:: AVAILABLE DATA ::

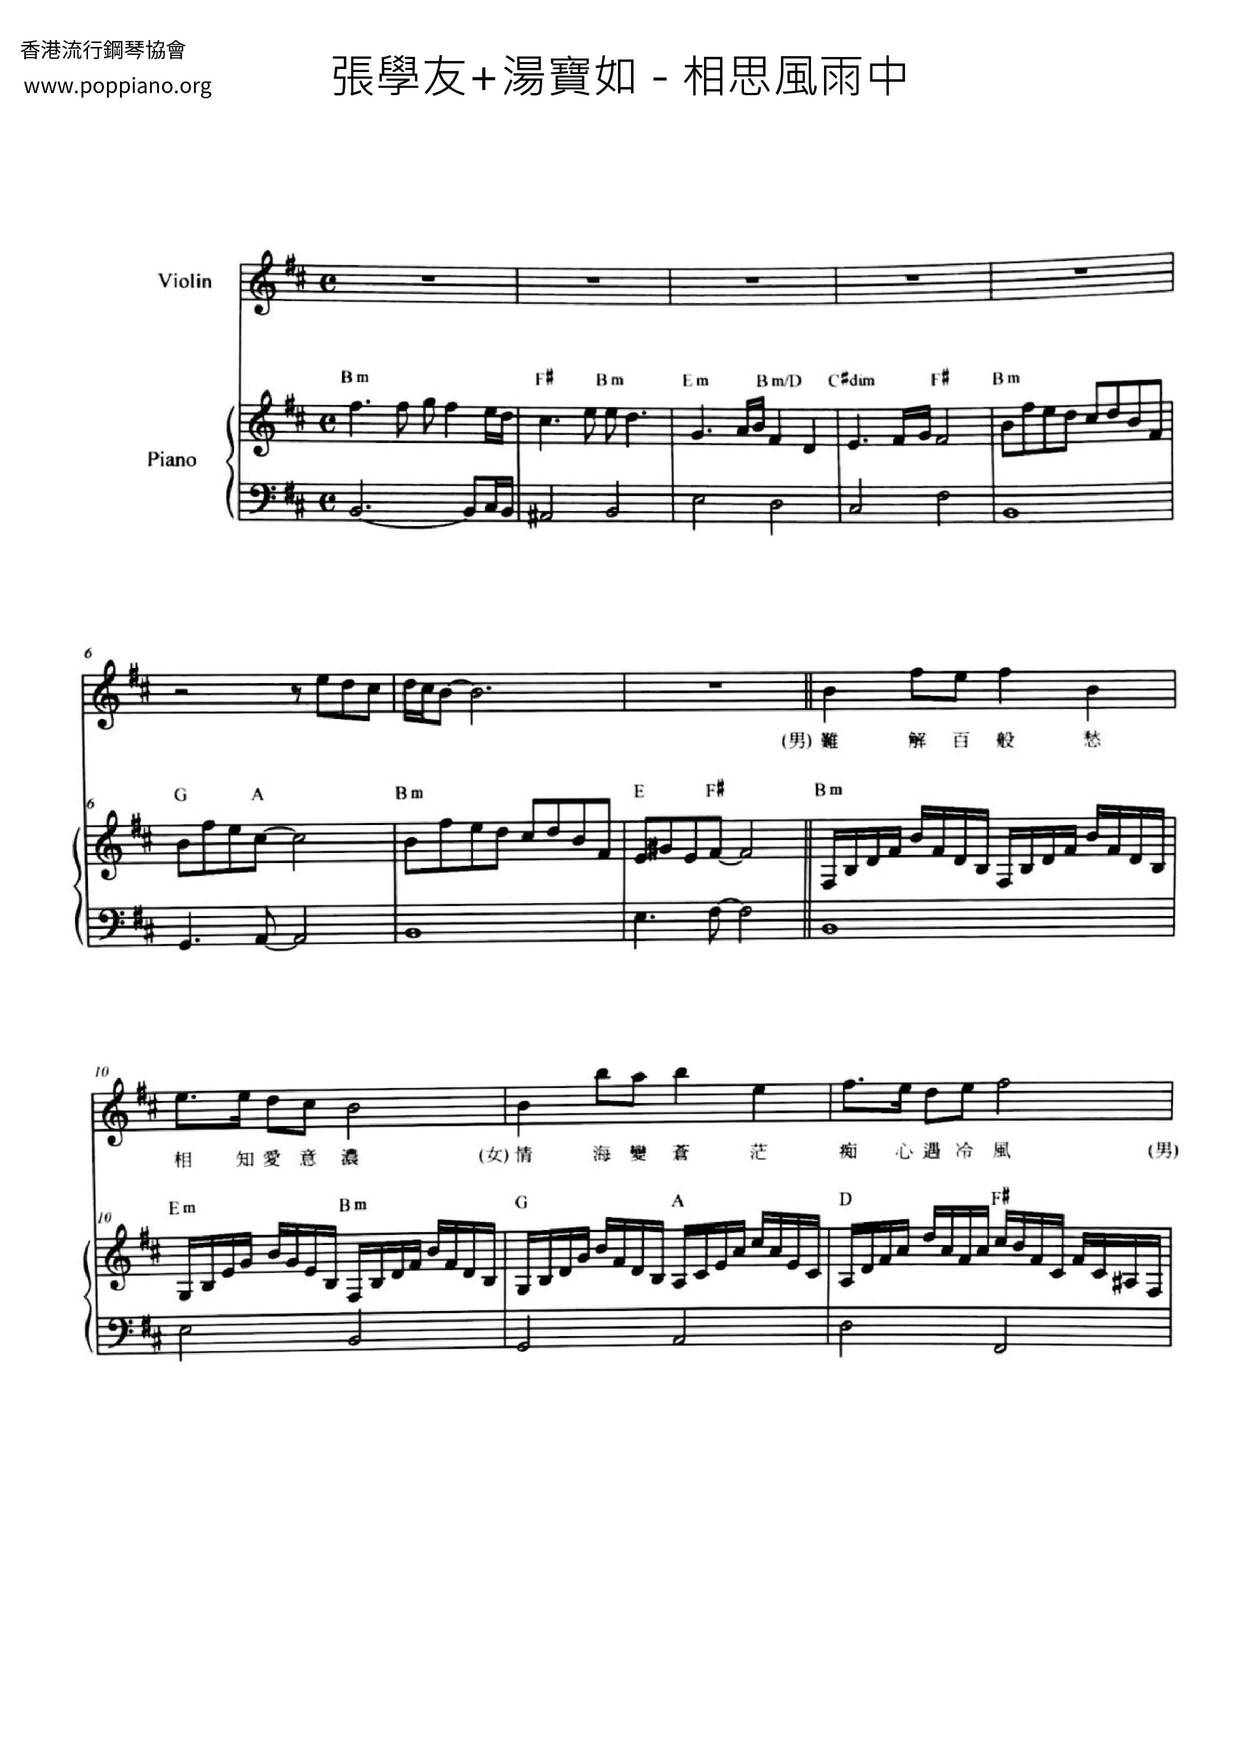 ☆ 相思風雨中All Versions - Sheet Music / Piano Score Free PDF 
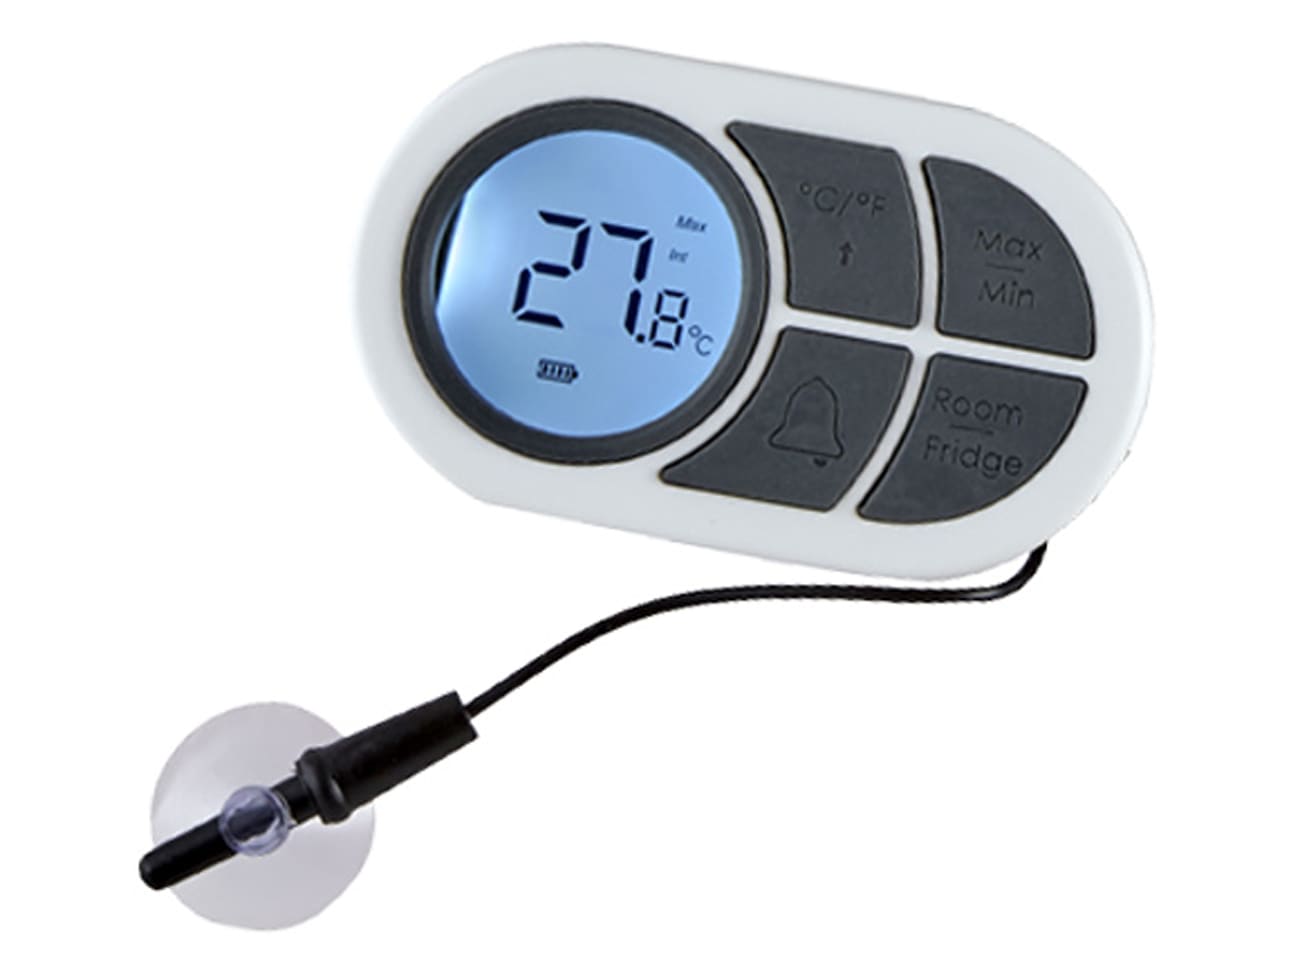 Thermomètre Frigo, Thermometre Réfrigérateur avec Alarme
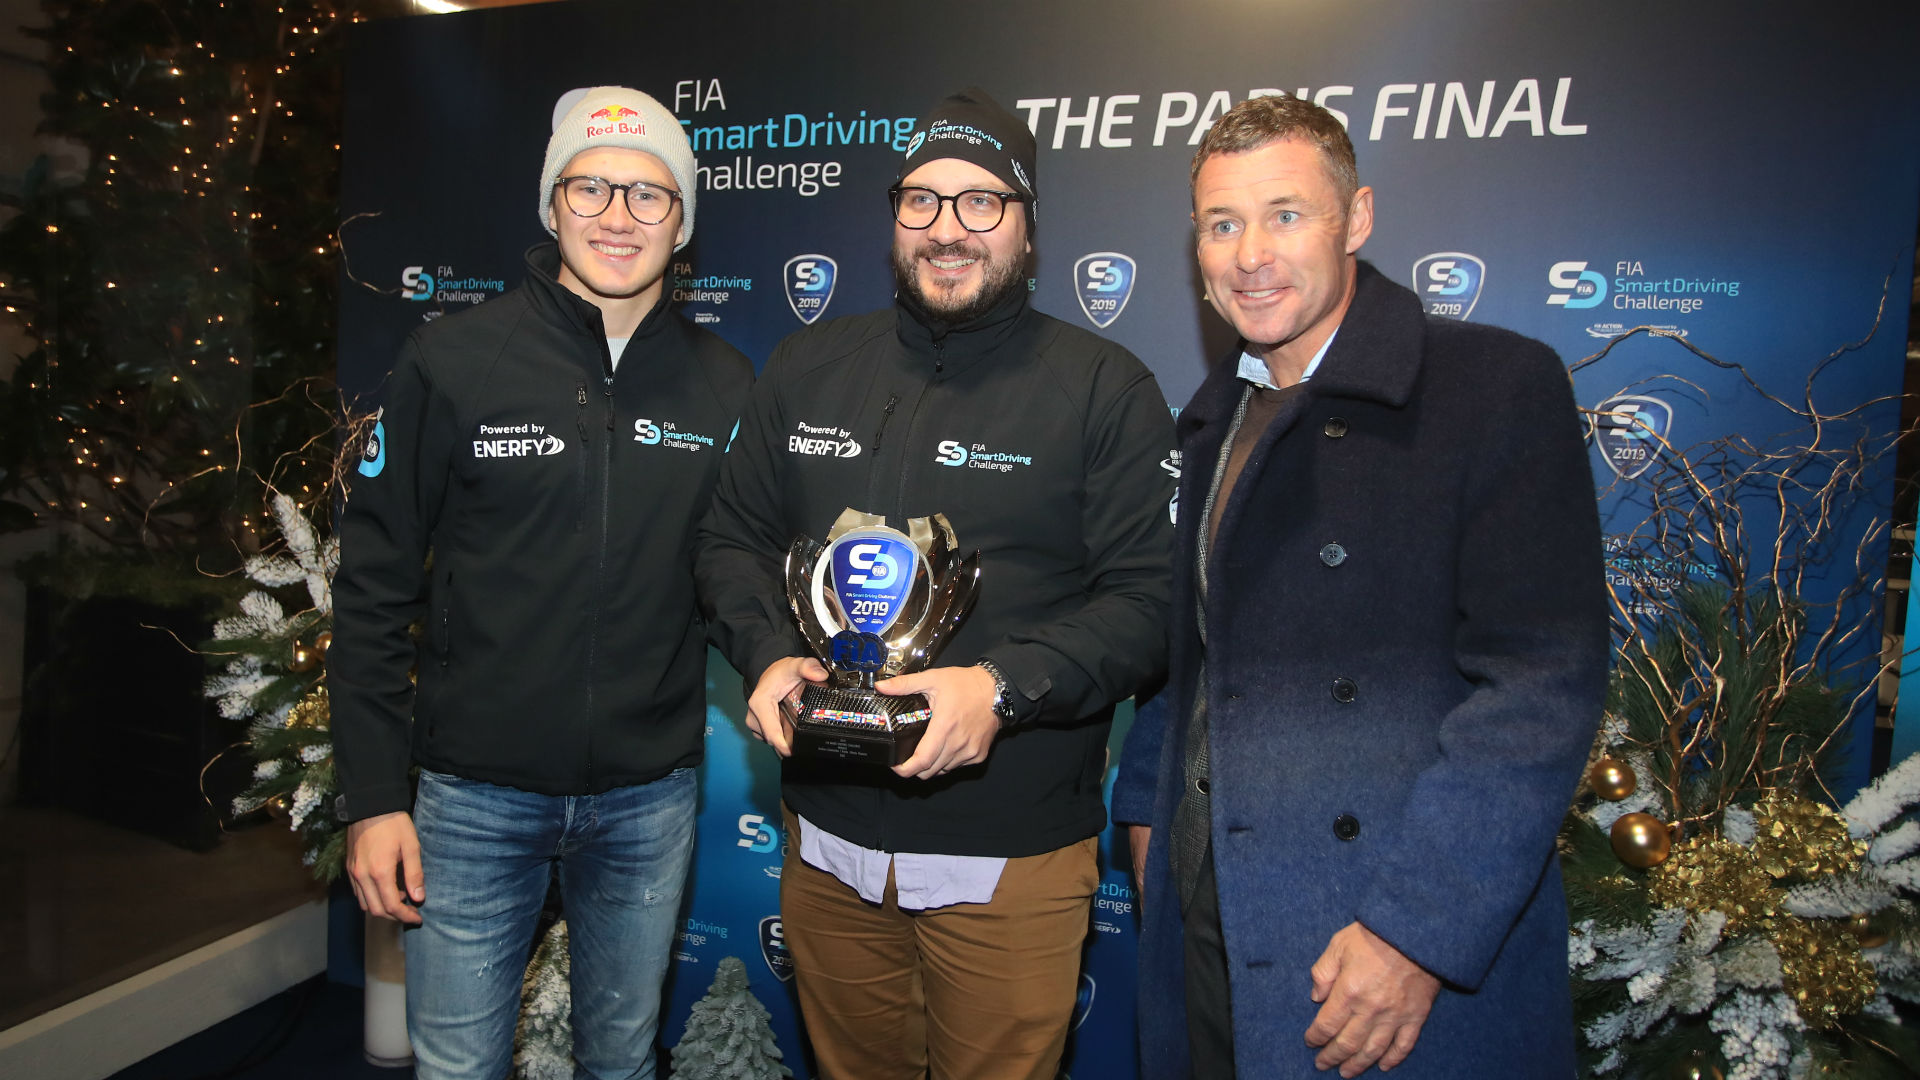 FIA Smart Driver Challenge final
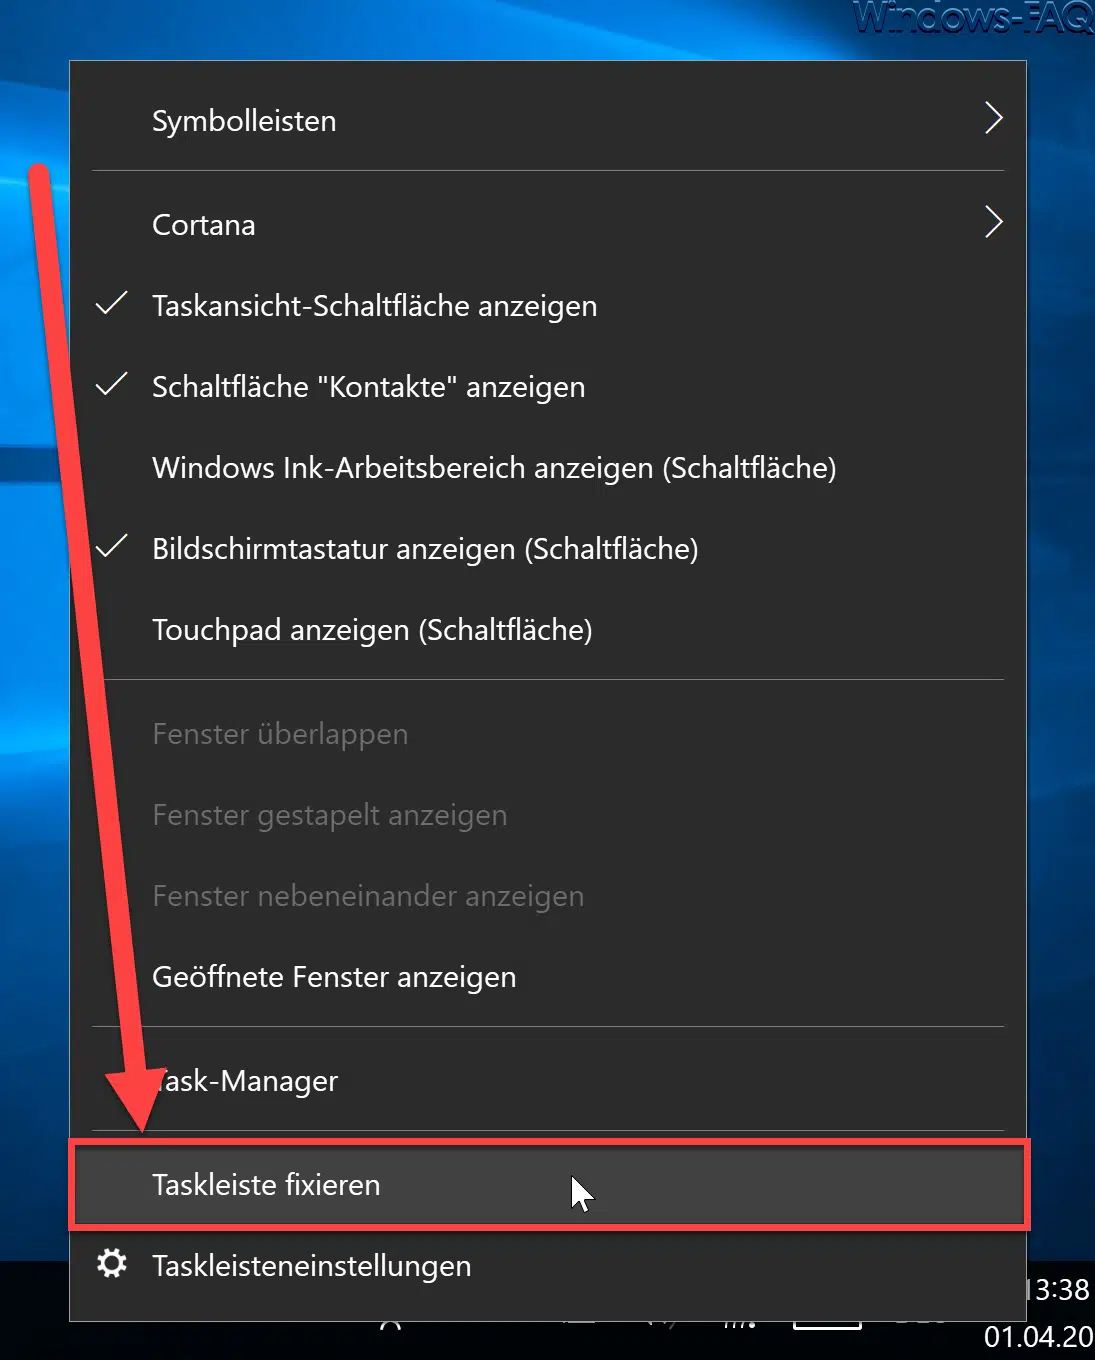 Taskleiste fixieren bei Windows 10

:: EXERCISE DESCRIPTION ::
An exact copy of the material above is required, free of any pictures.

:: OUTPUT OF THE EXERCISE ::
 ☆ 相思風雨中All Versions - Sheet Music / Piano Score Free PDF 
 Thermomètre Frigo, Thermometre Réfrigérateur avec Alarme
 FIA Smart Driver Challenge final
 Taskleiste fixieren bei Windows 10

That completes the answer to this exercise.